Prove that if $3\mid a^2+b^2$ then $3\mid a$ and $3\mid b$.
For elements $a$ and $b$ in the ring $\Bbb{Z}$ prove that if $3\mid a^2+b^2$ then $3\mid a$ and $3\mid b$.
I tried proving it but I just don't manage to. Maybe I am missing some basic claims in the number Theory?
I would appreciate hints and, generally, your help.
I am sorry, there was another data I was given, I was fixed and resent to me.
The original question was to prove that $c\mid a^2+b^2$ implies $c\mid a$ and $c\mid b$, which as many answers show isn't true.
But this is true if you take the assumption that there isn't a square root of $-1$ mod $c$. Take mod $c$ of the equation to get that
$$a^2 = - b^2 \mod c$$
which can only have a solution $a \neq 0$ or $b \neq 0$ if $-1$ has a square root mod $c$. I.e., there is a number $x$ such that $x^2 = -1 \mod c$.
Indeed, assuming $a$ and $b$ are both relatively prime to $c$, then we can take $b^{-1}$ to get
$$(b^{-1}a)^2 = -1 \mod c.$$
But if no solution exists, our assumption of co-primality cannot hold. If we take the prime factors of $c$ and use modular arithmetic, then we can show $\gcd(a,p) \geq p$ for each prime factor. (Note that $x^2=-1 \mod p$ has a solution if it does mod $c$.) Now this only means $\prod p_i$ divides $a$ and $b$, but if we cancel out these common factors we should be able to repeat the procedure to get full divisibility.
Seeing your edit, the solution follows from my answer by showing mod $3$ that no solution $x^2=-1$ exists. It's a simpler case since $3$ is prime. Sorry I didn't make the above argument tighter, but you should be able to work out the specific (and easier) case from the above.
It's not hard to see the general claim is if and only if as well.
This is not true. Take, for example, $a=3$, $b=4$ and $c=5$.
That's not true.

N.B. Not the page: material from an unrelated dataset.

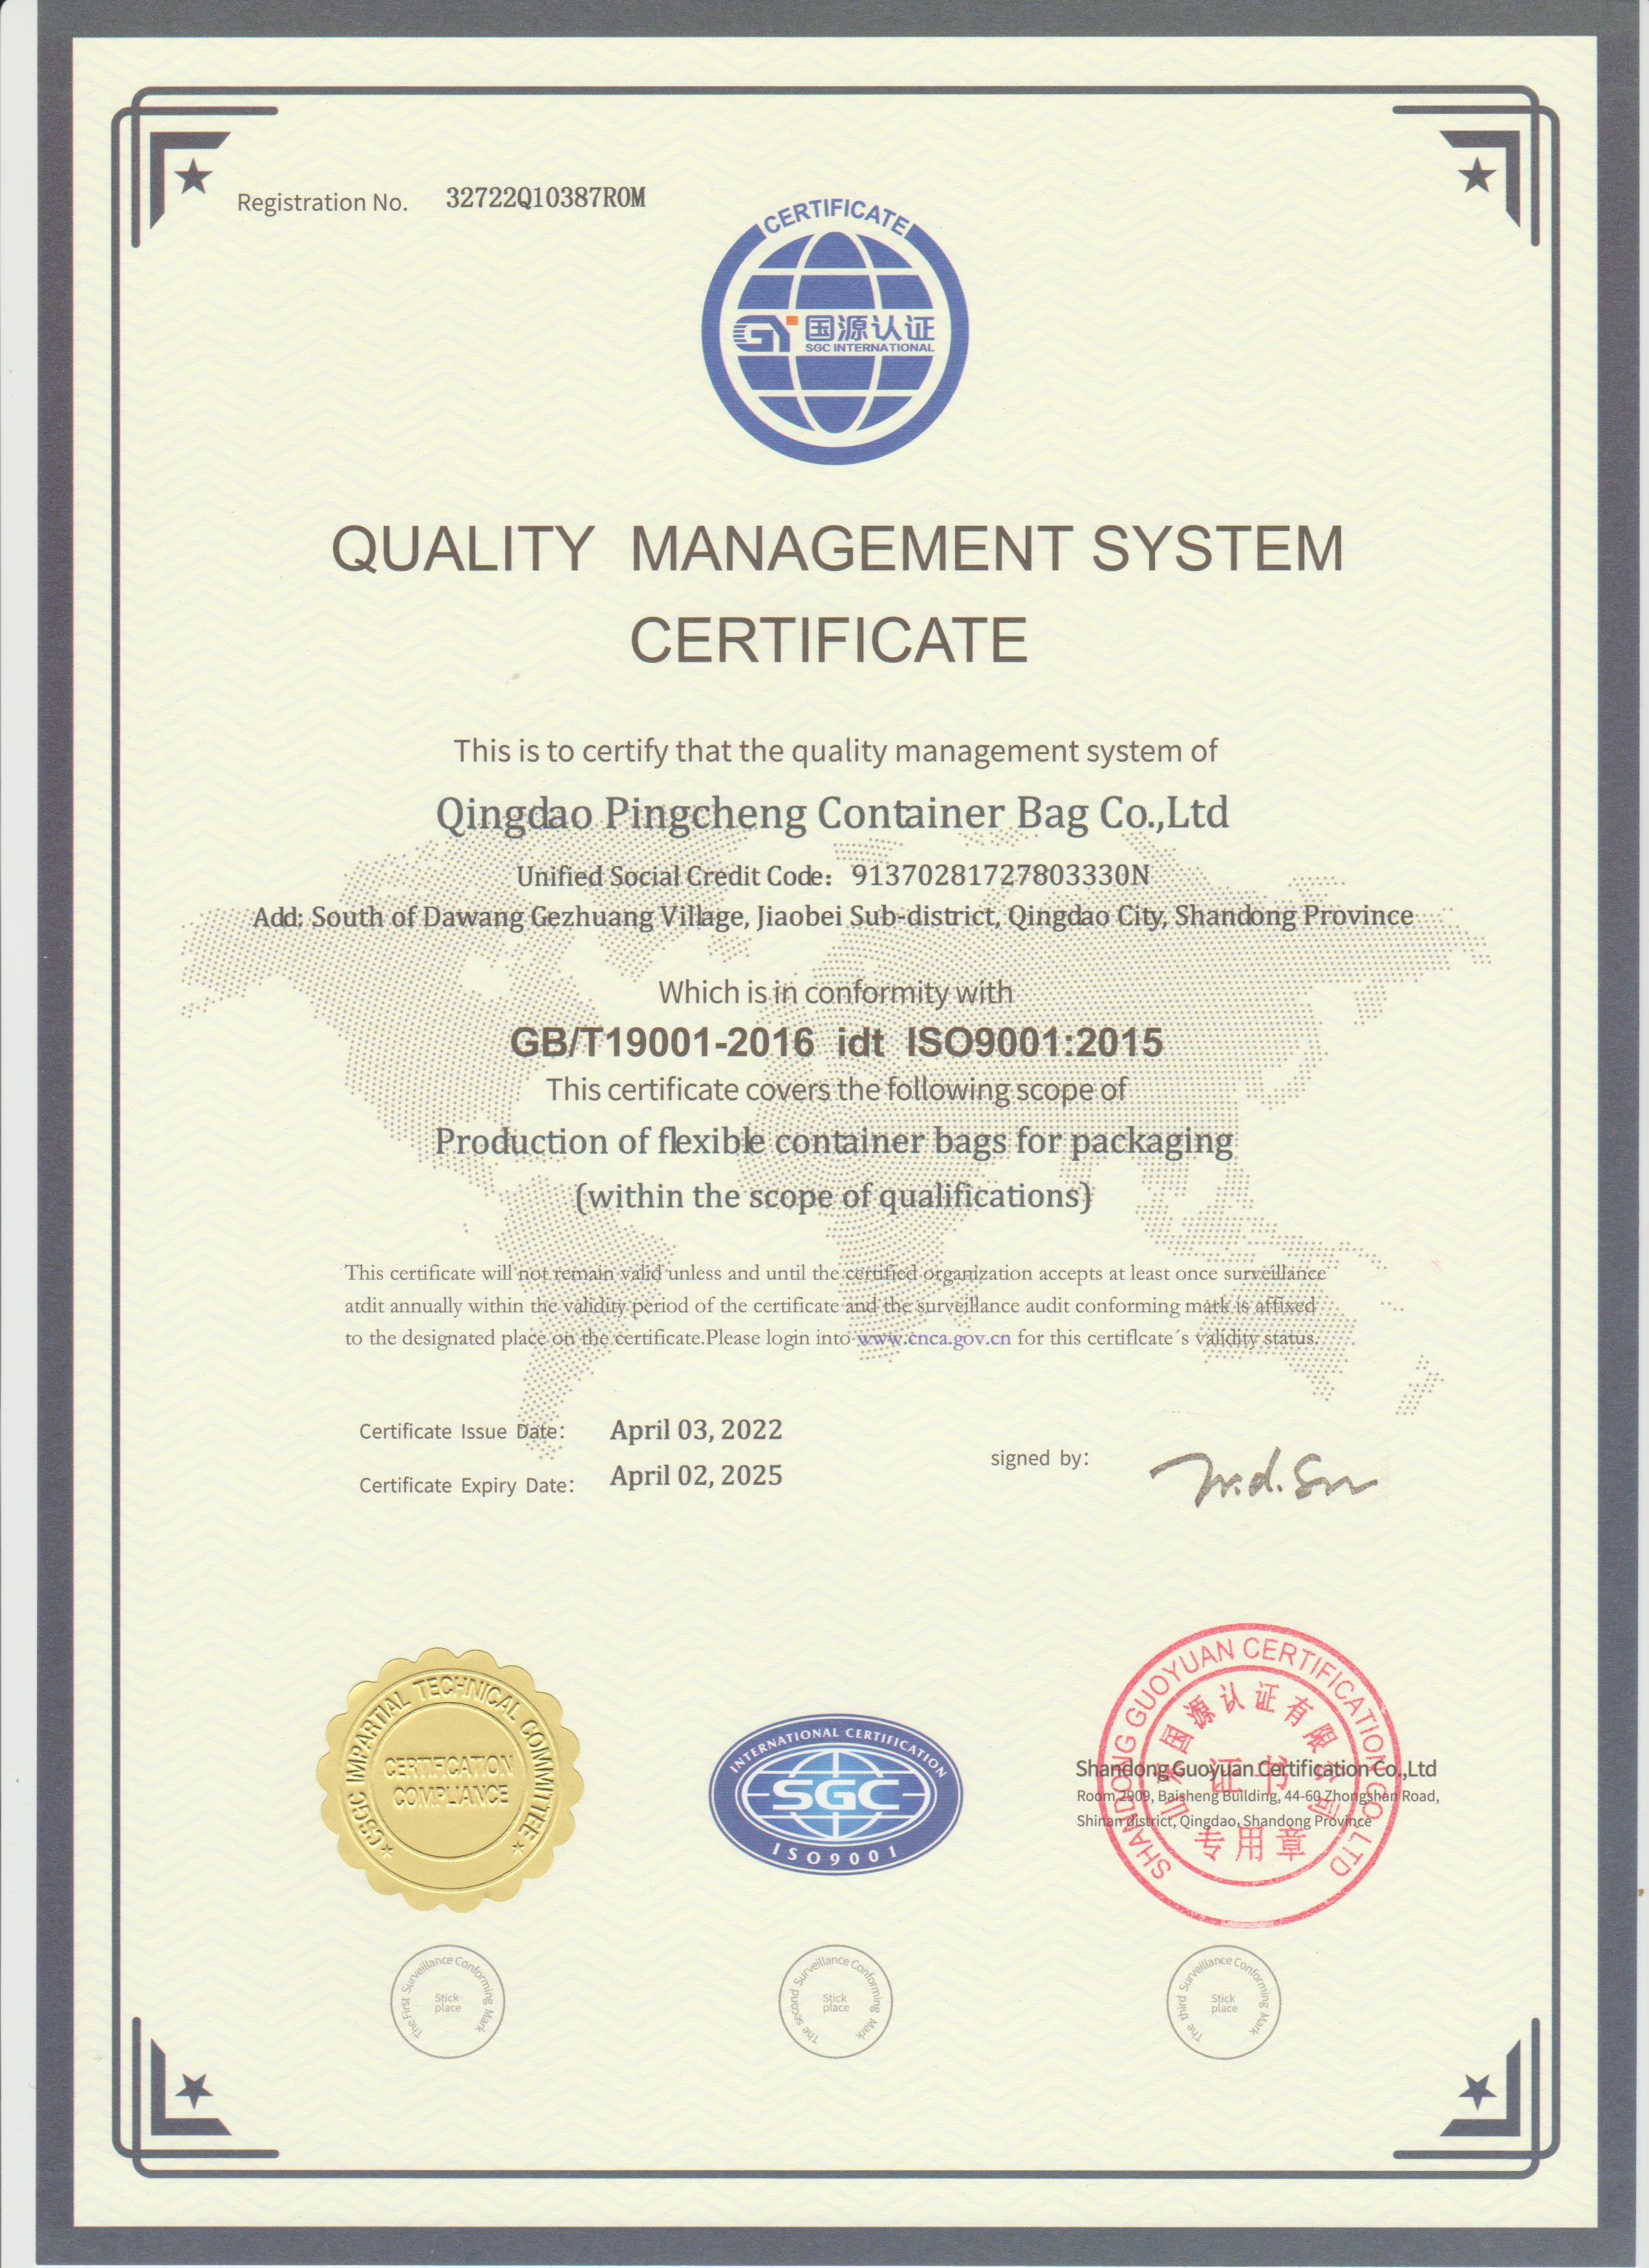 Quality management system certificate English

Take $a=3$, $b=4$ and $c=5$.
To answer your original question: if prime $\,\color{#c00}{p = 4k\!+\!3}\,$ then $\,p\mid a^2+b^2\,\Rightarrow\, p\mid a,b.$
Proof $\ $ If not, wlog $\,p\nmid b,\,$ so $\, {\rm mod}\ p\!:\ b^{-1}$ exists so $\ {-}b^2\equiv a^2\,\Rightarrow\, -1 \equiv (ab^{-1})^2\equiv c^2 $
therefore $\ {\rm mod}\ p\!:\,\ \left[-1\,\equiv\, c^{\large \color{#c00}2}\right] \!{\phantom{}}^{\large \color{#c00}{2k+1}}\Rightarrow\ {-1}\equiv c^{\, \color{#c00}{\large p-1}}\overset{\rm Fermat}\equiv 1\,\Rightarrow\, p\mid 2\ \Rightarrow\!\Leftarrow$